Zhao Xingle, Xu Hongen, Lian Chengyu, Hu Shousen, Zhao Yue, Wang Jia, Zhai Rongqun, Yang Mihuan, Zhang Yuanjing, Lu Wei, Tang Wenxue, Wang Liang
Department of Otolaryngology Head and Neck Surgery, The First Affiliated Hospital of Zhengzhou University, Zhengzhou, China.
Precision Medicine Center, Academy of Medical Sciences, Zhengzhou University, Zhengzhou, China.
Gene Ther. 2025 Aug 21. doi: 10.1038/s41434-025-00558-1.

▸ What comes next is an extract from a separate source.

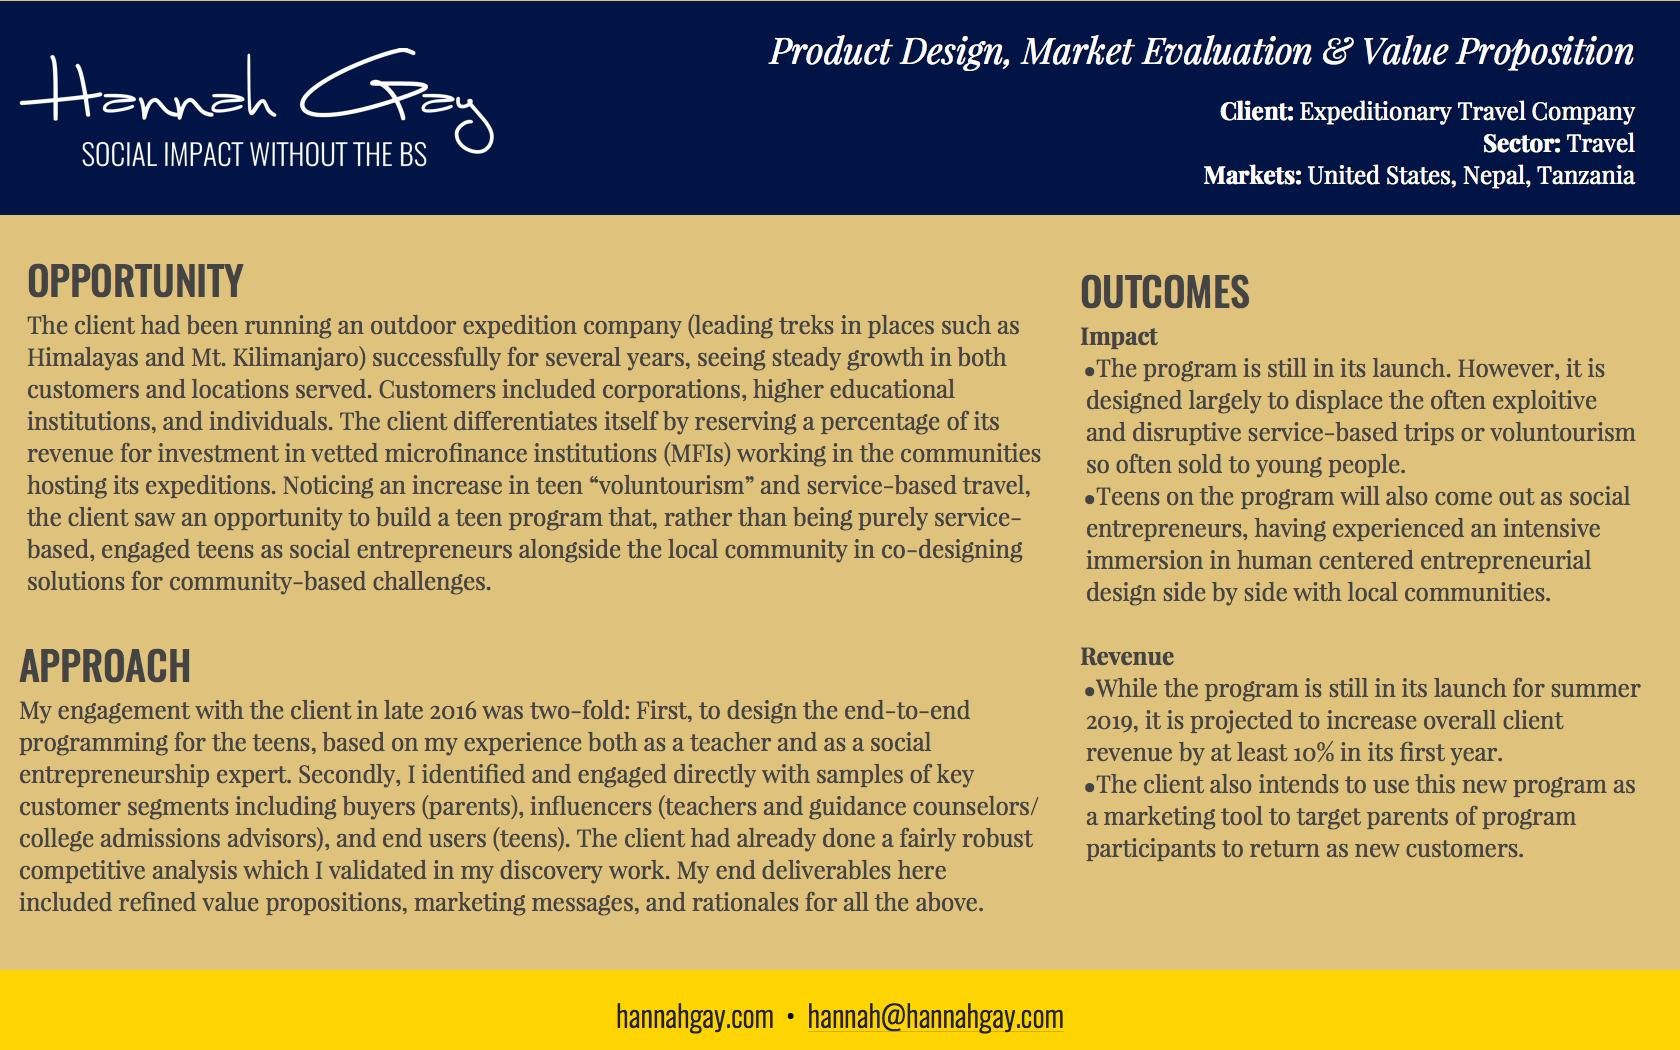 Product Design, Market Evaluation & Value Proposition.png

Vesicular glutamate transporter 3 (VGLUT3) is prominently expressed in the inner hair cells of the cochlea, playing a vital role in auditory signal transmission to the brain. Previous studies have shown that Vglut3 gene knockout in mice causes severe sensorineural hearing loss without affecting hair cell integrity. However, the cochlear structure of the aged Vglut3 remains inadequately explored. In this study, we analyzed the cochlear structure of aged Vglut3 mice, revealing significant degeneration of inner hair cells, synapses, and stereocilia. To explore the potential of gene therapy to restore cochlear structure, we employed AAV8 vectors to express Vglut3 in the cochleae of 5-week-old Vglut3 mice. Twenty-seven weeks post-injection, we conducted a series of experiments to evaluate the efficacy of our gene therapy approach. Auditory brainstem response (ABR) testing demonstrated restoration of auditory function following gene therapy. Immunohistochemical staining and scanning electron microscopy (SEM) analysis revealed substantial recovery of inner hair cells and stereocilia post-injection. Our findings provide important insights into the development of novel therapeutic strategies for age-related hearing loss.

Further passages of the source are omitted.